Hm. That guy writing the intro was extremely optimistic about human nature. Most folks find statistics very unintuitive. Folks routinely overestimate extremely unlikely events (lotto) and underestimate near-certainties (auto accident). Its the idea that we might get away with something, or maybe it won't happen to me, that guides most human activities.

Its this warping of the probability curve that is responsible for major facets of human society: war, witchcraft, gambling, marriage, on and on.


I think those problems are a little different. For example, no matter how you approach it, from a rational point of view joining a war for your country makes no sense. You are highly likely to die and highly unlikely to change to outcome of the war.

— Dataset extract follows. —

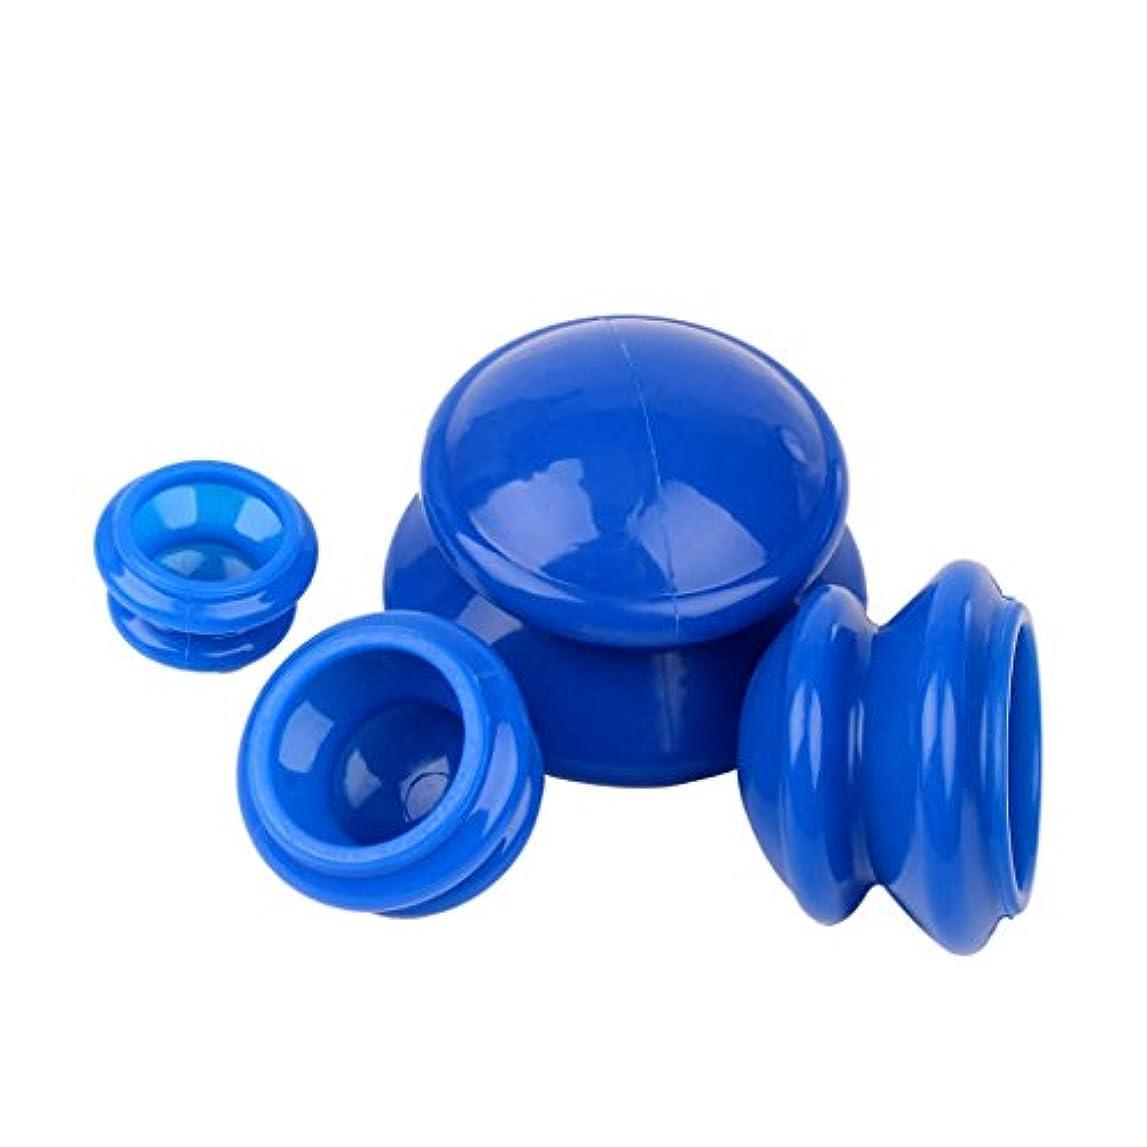 ポータブル二層破産(inkint)マッサージ 吸い玉 カッピングカップ 4個セット バキュームカップ シリコーン製吸い玉 ネック 顔全身マッサージ フィットネスケア 血流促進 マッサージャー ブルー

But if you think in an evolutionary sense, if each individual in a tribe acted rationally, we'd get a sort of Tragedy of the Commons: the enemy tribe wins the war, and slaughters your men. So it may happen that if each individual acts rationally the group, each individual included, suffers; so it makes sense individual sense to develop mechanisms to go to war, which by symmetry must include yourself.

Even less intuitively even if the probability of death is lower by not going to war (no tragedy of the commons in traditional sense), which means no individual would rationally choose war or develop mechanisms to force going to war, it would be rational for the tribe to choose war, in an evolutionary sense, provided many more of your men are killed than the enemy tribe (so they do better in evolutionary terms).


Or: if you don't go to war to protect your community you will be shunned forever by that community; so the rational decision is "war"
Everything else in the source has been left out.